The only global synchronisation operation in MPI is the barrier. The syntax for the barrier synchronisation function in the mpi4py Comm class equivalent to the synchron function above is

Barrier().


A task posting a call to Barrier() will halt until all other tasks of the communicator have posted the same call. Therefore in a correct mpi4py program the number of calls to Barrier() must be equal for all tasks.

Global Data Communication

Data communication between all tasks of a communicator can have two directions:

  • distributing data coming from one tasks to all tasks
  • collecting data coming from all tasks to one or all tasks

For distributing data mpi4py provides functions for

  • broadcasting: Bcast, bcast
  • scattering from one task: Scatter, Scatterv, scatter

For collecting data mpi4py provides functions for

  • gathering to one task: Gather, Gatherv, gather
  • gathering to all tasks: Allgather, Allgatherv, allgather

In addition, there are functions, which combine collection and distribution of data:

  • Alltoall, Alltoallv, Alltoallw, alltoall

broadcast

The syntax of the broadcast method is

comm.Bcast(buf, int root=0)
buf = comm.bcast(obj=None, int root=0)


An example for broadcasting an NumPy array is

bcast_array.py:

data = numpy.empty(5,dtype=numpy.float64)
if rank == 0:
    data = numpy.arange(5,dtype=numpy.float64)
comm.Bcast([data,3,MPI.DOUBLE],root=0)
print 'on task',rank,'after recv:    data = ',data


An example broadcasting a python data object is

bcast.py:

rootdata = None
if rank == 0:
    rootdata = (1,'a','z',3.14)
data = comm.bcast(rootdata,root=0)
print 'on task',rank,'after bcast:    data = ',data


A difference between the two broadcast functions is, that in Bcast the data to be broadcasted stay in place in the root task, whereas in bcast, they are copied to the object returned by the call to bcast.

scatter

Whereas a broadcast operation distributes the same object from the root task to all other tasks, a scattering operation sends a different object from root to every task. The syntax of the methods for scattering is

comm.Scatter(sendbuf, recvbuf, int root=0)
comm.Scatterv(sendbuf, recvbuf, int root=0)
comm.scatter(sendobj=None, recvobj=None, int root=0)
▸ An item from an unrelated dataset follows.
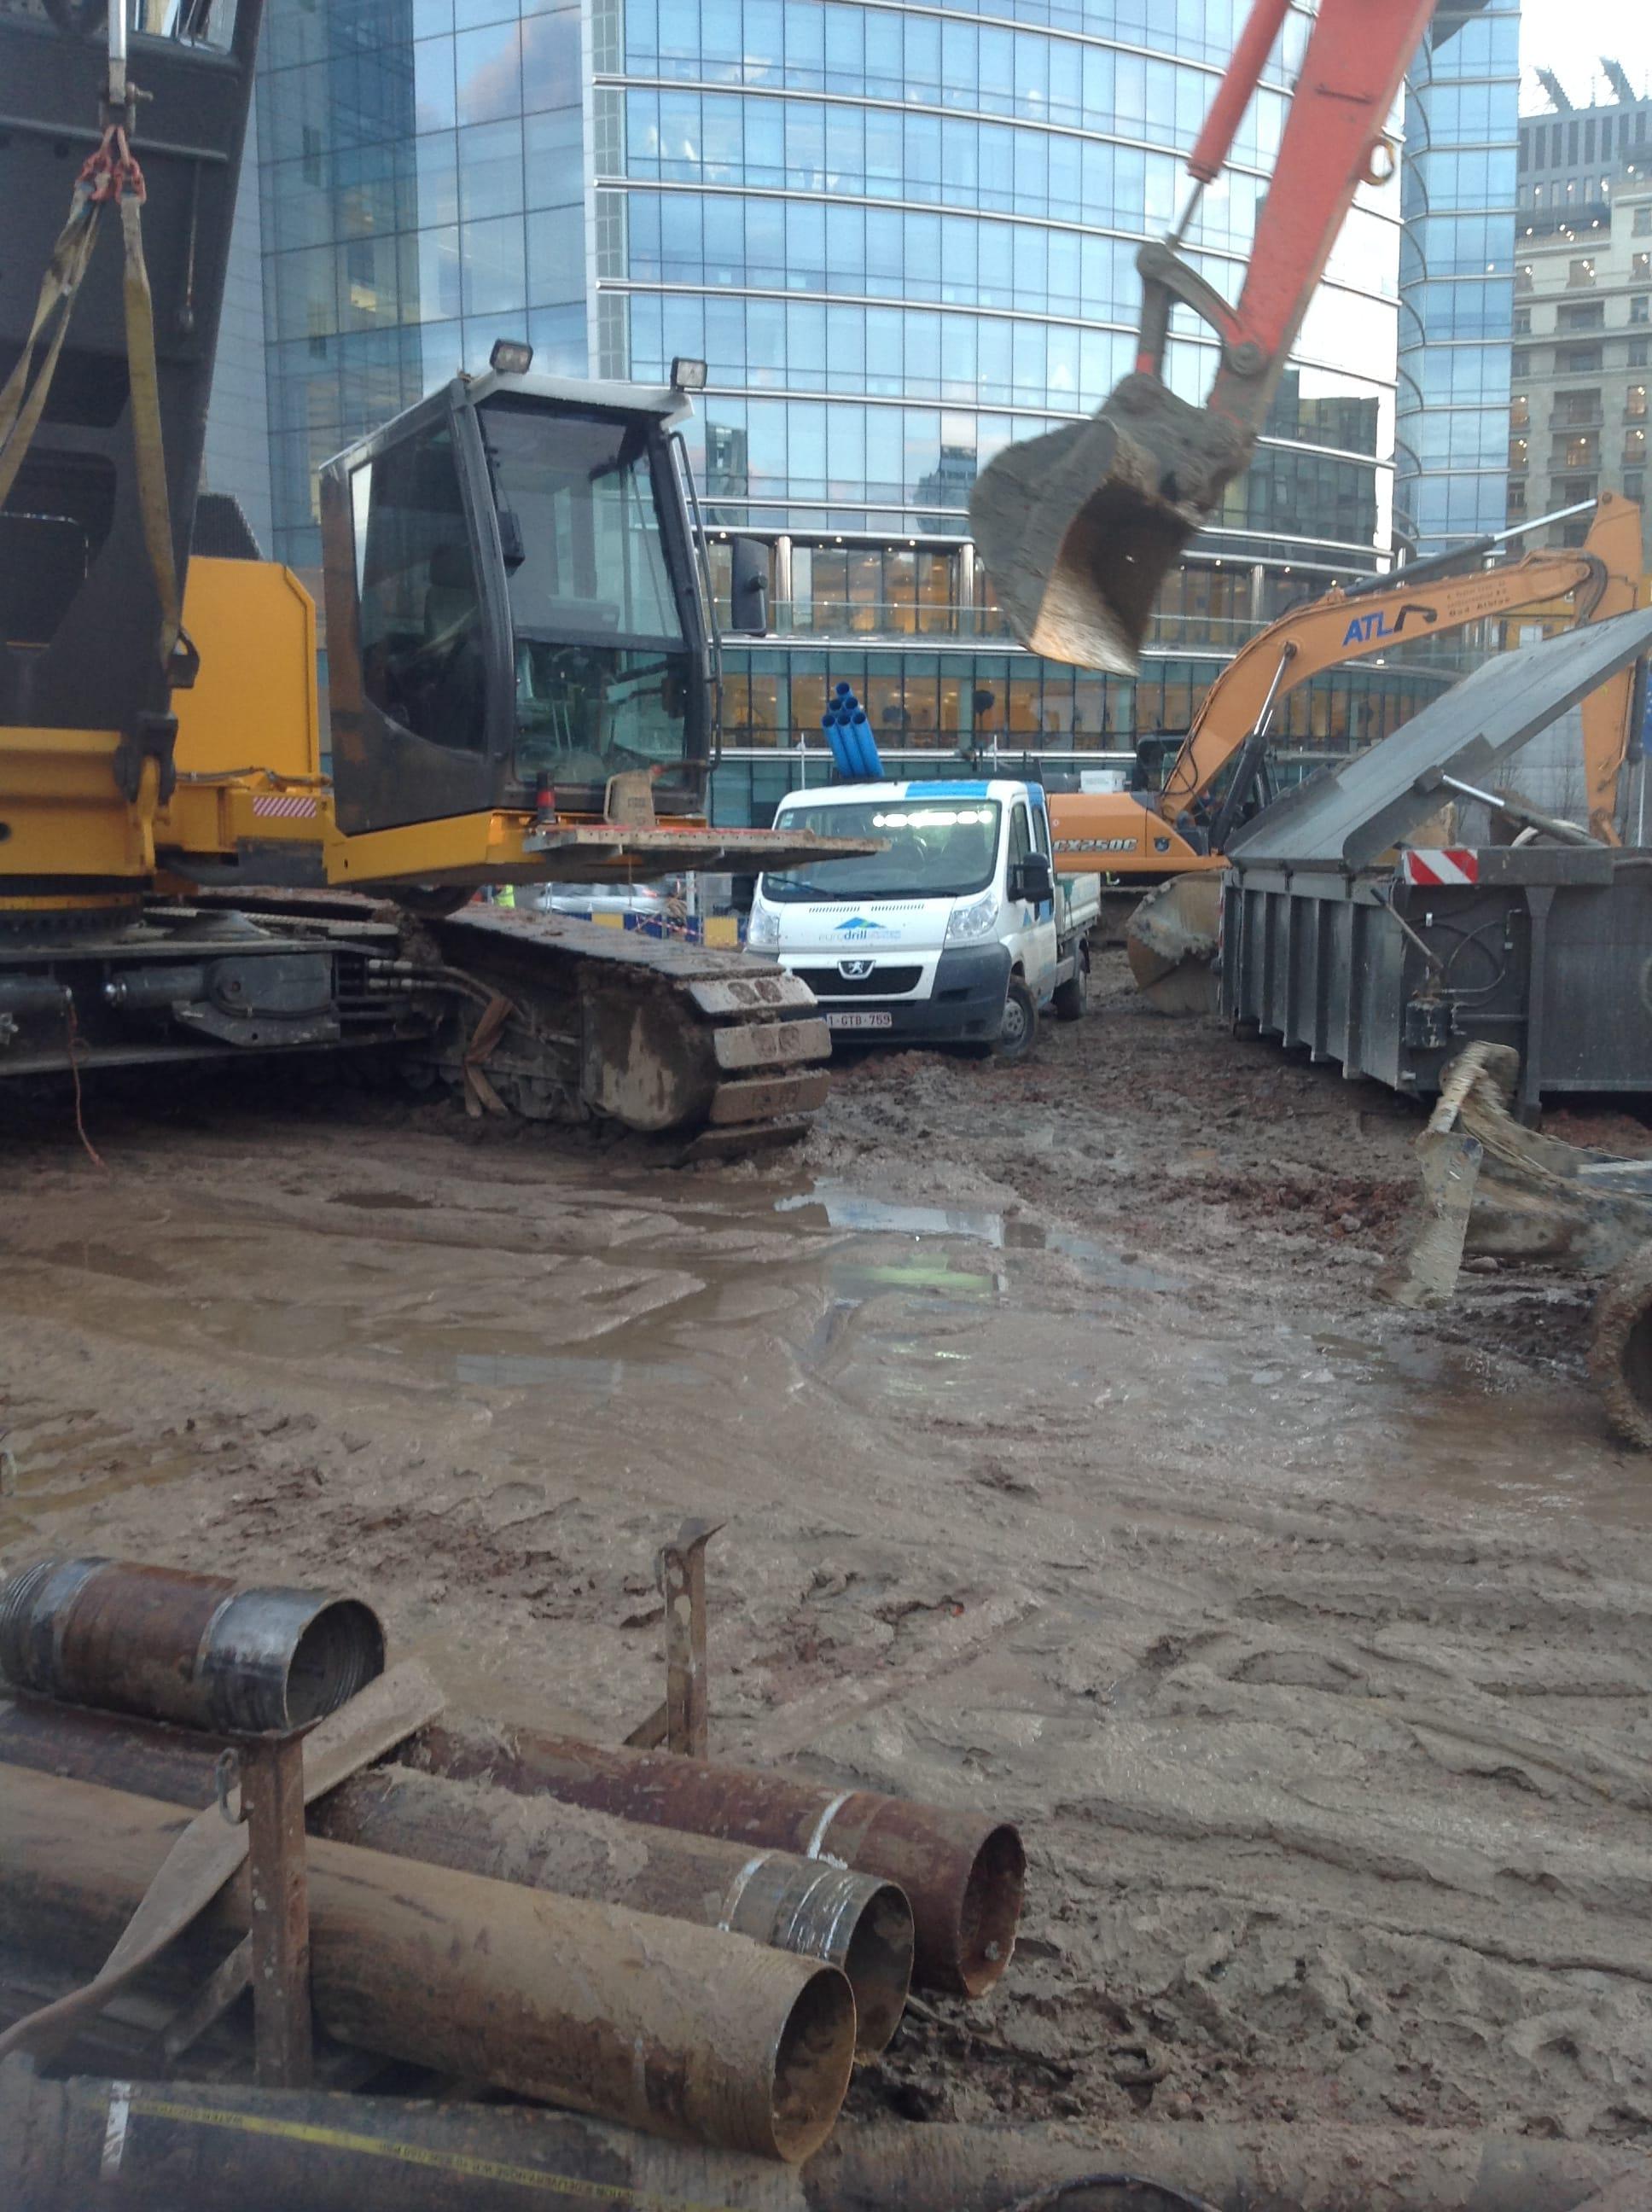 chantier-bruxelles-forage-installation-pompe-puits-geothermie-eurodrill-liege-belgique-1

In the upper case function Scatter the sendbuf and recvbuf arguments must be given in terms of a list (as in the point to point function Send):

buf = [data, data_size, data_type]


where data must be a buffer like object of size data_size and of type data_type. The size and type descriptions can be omitted, if they are implied by the buffer object, as in the case of a NumPy array. Equally sized sections of the data in sendbuf will be sent from root to the other tasks, the i-th section to task i, where they will be stored in recvbuf. The data_size in sendbuf therefore must be a multiple of size, where size is the number of tasks in the communicator. The data_size in recvbuf must be at least as large as the size of the data section received.

In the vector variant of this function, Scatterv, the size and the location of the sections of senddata to be distributed may be freely chosen. The sendbuf in this case must include a description of the layout of the sections in the form

sendfbuf = [data, counts, displacements, type]


where counts and displacements are integer tuples with as many elements as tasks are in the communicator. counts[i] designates the size of the i-th segment, displacements[i] the number of the element in data used as the first element of the i-th section.

The calls of Scatter and Scatterv are illustrated in the next example

scatter_array,py:

a_size = 4
recvdata = numpy.empty(a_size,dtype=numpy.float64)
senddata = None
if rank == 0:
   senddata = numpy.arange(size*a_size,dtype=numpy.float64)
comm.Scatter(senddata,recvdata,root=0)
print 'on task',rank,'after Scatter:    data = ',recvdata

recvdata = numpy.empty(a_size,dtype=numpy.float64)
counts = None
dspls = None
if rank == 0:
   senddata = numpy.arange(100,dtype=numpy.float64)
   counts=(1,2,3)
   dspls=(4,3,10)
comm.Scatterv([senddata,counts,dspls,MPI.DOUBLE],recvdata,root=0)
print 'on task',rank,'after Scatterv:    data = ',recvdata


In the scatter function the sendobj to be scattered from the root task must be a sequence of exactly size objects, where size is the number of tasks in the communicator. Each element in this sequence can be a data object of any type, and the i-th object of the sequence will be sent from root to the i-th task and will be received in the i-th tasks as the value returned from scatter. This is shown in the following example program

scatter.py:

rootdata = None
if rank == 0:
    rootdata = [1,2,3,(4,5)]
data = comm.scatter(rootdata,root=0)
print 'on task',rank,'after bcast:    data = ',data


gather

The gather operations collects data from all tasks and delivers this collection to the root task or to all tasks. The syntax of the gathering methods is

comm.Gather(sendbuf, recvbuf, int root=0)
comm.Gatherv(sendbuf, recvbuf, int root=0)
comm.Allgather(sendbuf, recvbuf)
comm.Allgatherv(sendbuf, recvbuf)
comm.gather(sendobj=None, recvobj=None, int root=0)
comm.allgather(sendobj=None, recvobj=None)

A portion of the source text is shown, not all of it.